I'm finding that it's kind of tricky to get pip3 (v9.0.1, as installed by Ubuntu 18.04's package manager) to actually install the thing I tell it to install. I'm posting this answer to save anyone's time who runs into this problem.
Putting this into a requirements.txt file failed:
git+git://github.com/myname/myrepo.git#my-branch#egg=eggname
By "failed" I mean that while it downloaded the code from Git, it ended up installing the original version of the code, as found on PyPi, instead of the code in the repo on that branch.

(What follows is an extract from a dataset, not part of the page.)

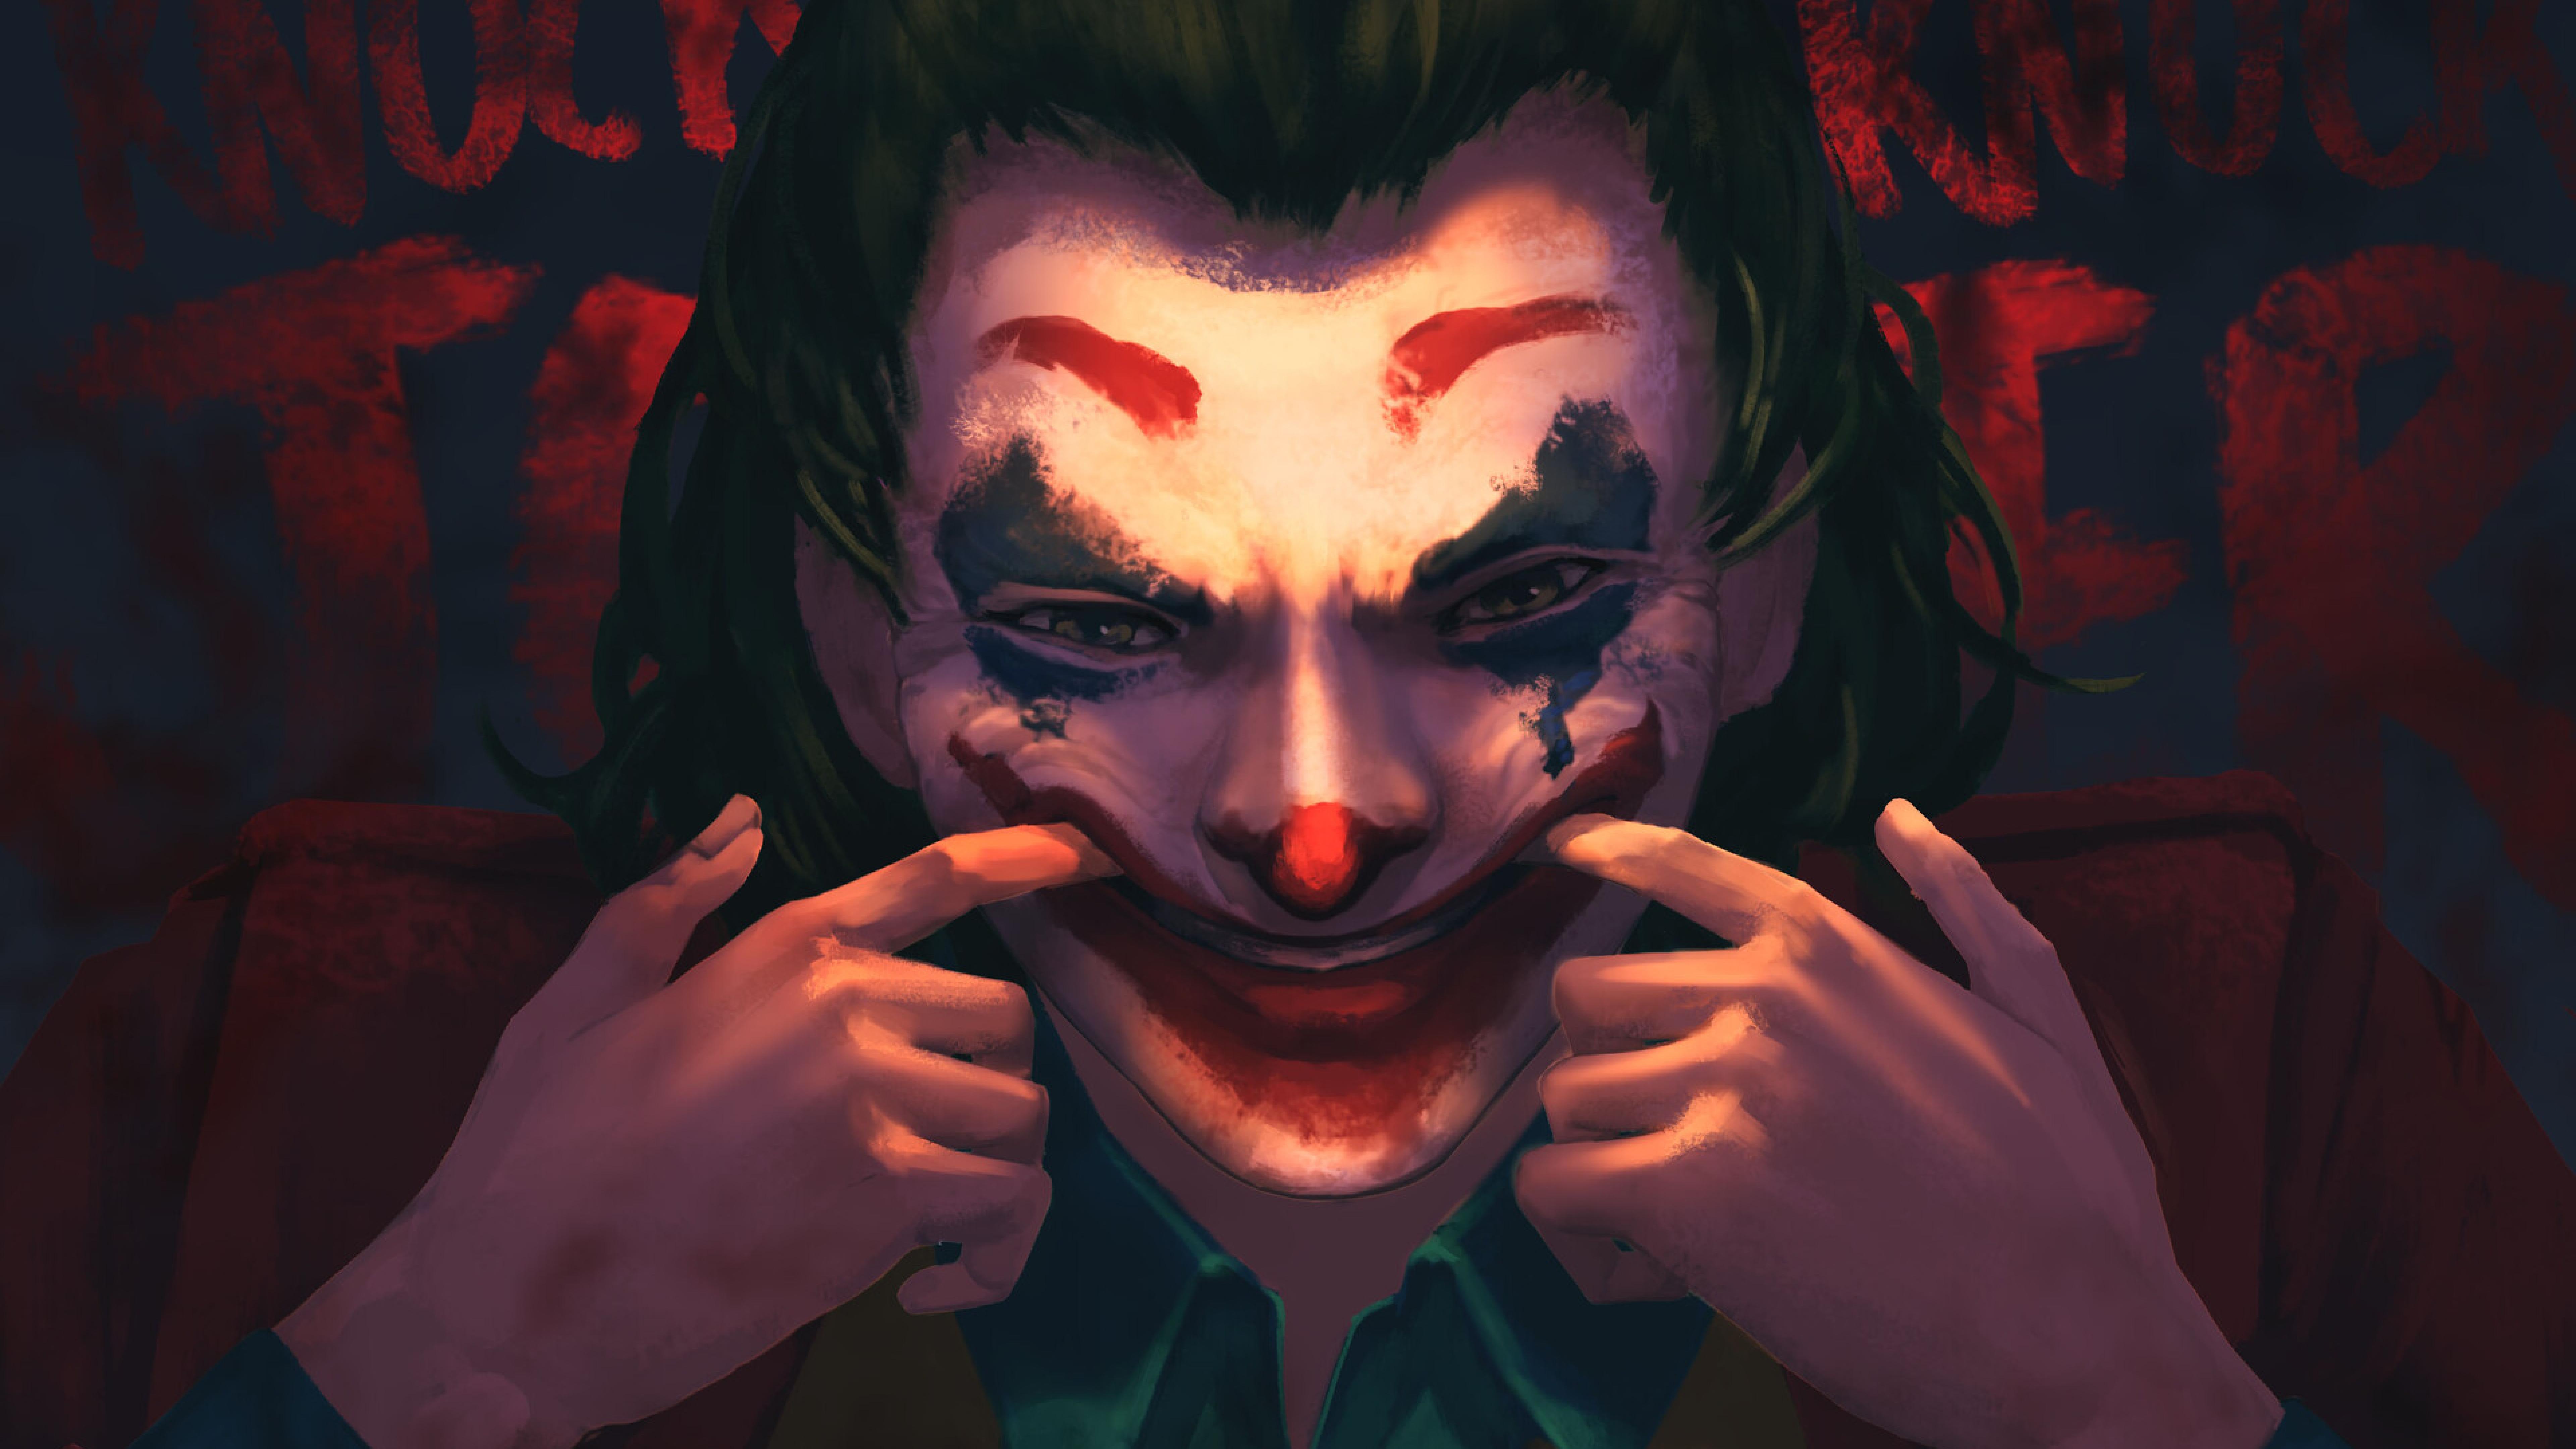 7680x4320 Joker Smiling 8K Wallpaper, HD Superheroes 4K ...
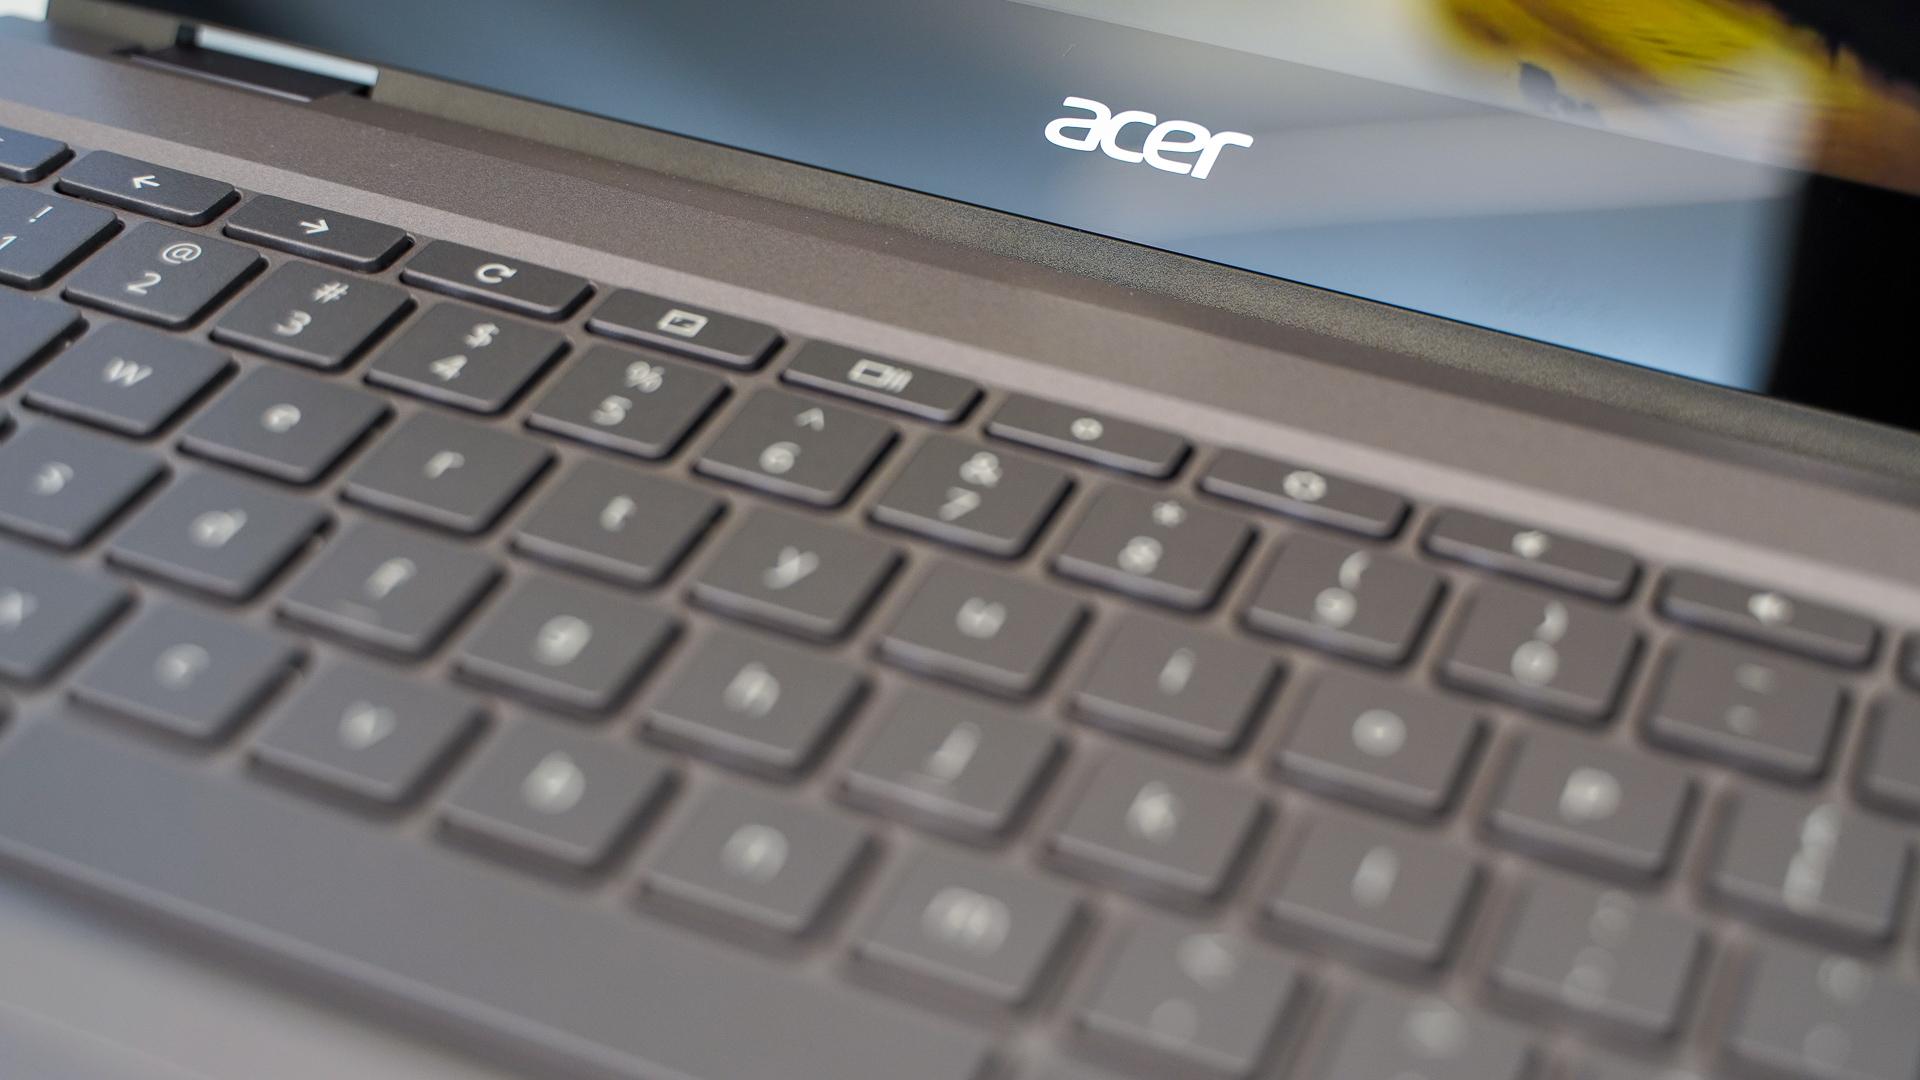 Acer Chromebook Spin 713 keyboard closeup

However, installing the commmit instead of the branch name works:
git+git://github.com/myname/myrepo.git#d27d07c9e862feb939e56d0df19d5733ea7b4f4d#egg=eggname
For private repositories, I found that these two work fine for me:
pip install https://${GITHUB_TOKEN}#github.com/owner/repo/archive/main.tar.gz
Where main.tar.gz refers to the main branch of your repo and can be replaced with other branch names. For more information and using the more recent Github API see here:
pip install https://${GITHUB_TOKEN}#api.github.com/repos/owner/repo/tarball/master
If you have git installed and available, then
pip install git+https://${GITHUB_TOKEN}#github.com/owner/repo.git#main
achieves the same, and it also allows for some more flexibility by appending #branch or #tag or #commit-hash. That approach, however, actually clones the repo into a local temp folder which can take a noticeable amount of time.
You can use the URLs in your requirements.txt, too.